Flink SQL and Table API

Apache Flink features two relational APIs: the Table API and SQL. These are integrated in a joint API and can also be embedded into regular DataStream applications. The central concept of this API is a Table that serves as the input and output of queries.

There are also two planners that translate Table/SQL queries to Flink jobs: the old planner and the Blink planner. While currently the old planner is the default Table API planner, Cloudera Streaming Analytics only supports the Blink planner for Table/SQL applications.

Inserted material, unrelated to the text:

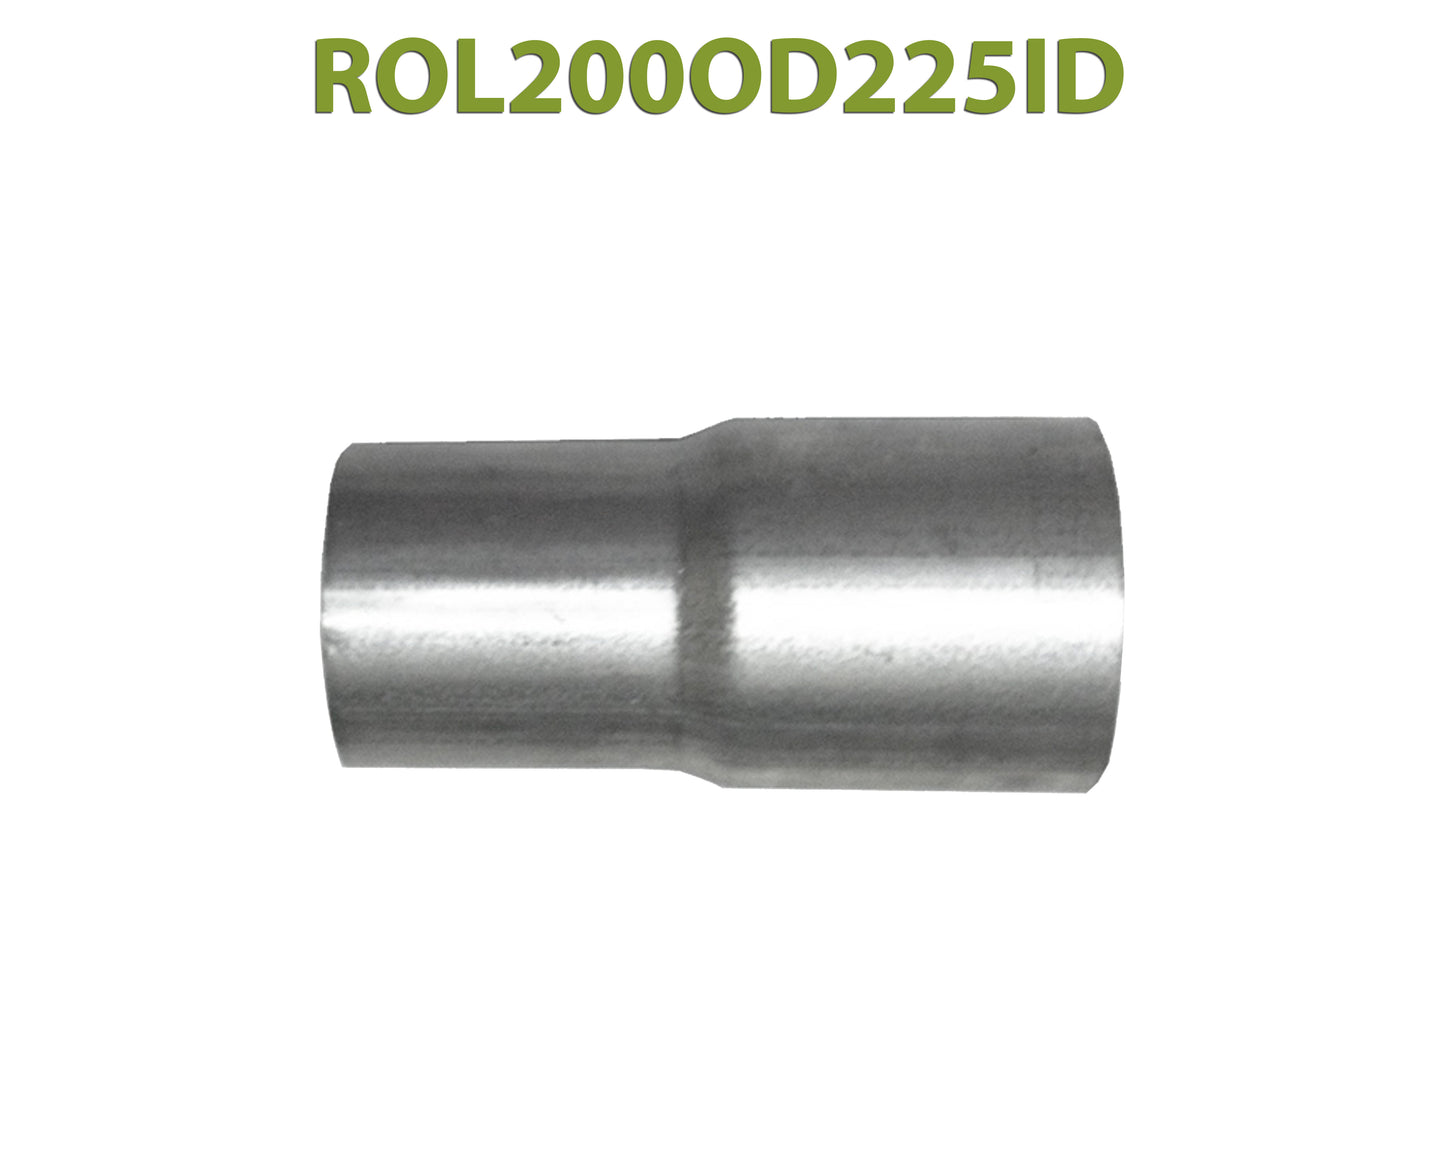 ROL200OD225ID 548502 2” OD to 2 1/4” ID Universal Exhaust Component to Pipe Adapter Reducer

Adding the following Maven dependency to the Flink configuration file allows you to use the Table API with the Blink planner.
<dependency>
   <groupId>org.apache.flink</groupId>
   <artifactId>flink-table-api-java-bridge_2.11</artifactId>
   <version>1.10.0-csa1.2.0.0</version>
   <scope>provided</scope>
</dependency>

<dependency>
   <groupId>org.apache.flink</groupId>
   <artifactId>flink-table-planner-blink_2.11</artifactId>
   <version>1.10.0-csa1.2.0.0</version>
   <scope>provided</scope>
</dependency>
SQL programs in Flink follow a structure similar to regular DataStream applications:
  1. Create a StreamTableEnvironment with the Blink planner.
  2. Register catalogs and tables.
  3. Execute the queries/updates.
  4. Execute the StreamTableEnvironment.
You can see an example of the structure here:
StreamExecutionEnvironment streamEnv = StreamExecutionEnvironment.getExecutionEnvironment();

EnvironmentSettings tableSettings = EnvironmentSettings
     .newInstance()
     .useBlinkPlanner()
     .build();

StreamTableEnvironment tableEnv = StreamTableEnvironment
     .create(streamEnv, tableSettings);


tableEnv.sqlUpdate("CREATE TABLE ...");
Table table = tableEnv.sqlQuery("SELECT ... FROM ...");

DataStream<Row> stream = tableEnv.toAppendStream(table, Row.class);
stream.print();

tableEnv.execute("Print");

The Table API exposes different flavors of TableEnvironment to the end users that cover different feature sets. To ensure smooth interaction between other DataStream applications, CSA only supports using StreamTableEnvironment.

StreamTableEnvironment wraps a regular StreamExecutionEnvironment. This allows you to seamlessly go from streams to tables and back within the same pipeline.

You can create StreamTableEnvironment with the following code entry:
StreamExecutionEnvironment streamEnv = ...
EnvironmentSettings tableSettings = EnvironmentSettings
     .newInstance()
     .useBlinkPlanner()
     .build();

StreamTableEnvironment tableEnv = StreamTableEnvironment
     .create(streamEnv, tableSettings);

You have to make sure to use the Blink planner with Streaming mode in the Environment settings.

When combining regular DataStream and Table/SQL applications, make sure to always call the .execute command on the StreamTableEnvironment instead of the regular StreamExecutionEnvironment to ensure correct execution.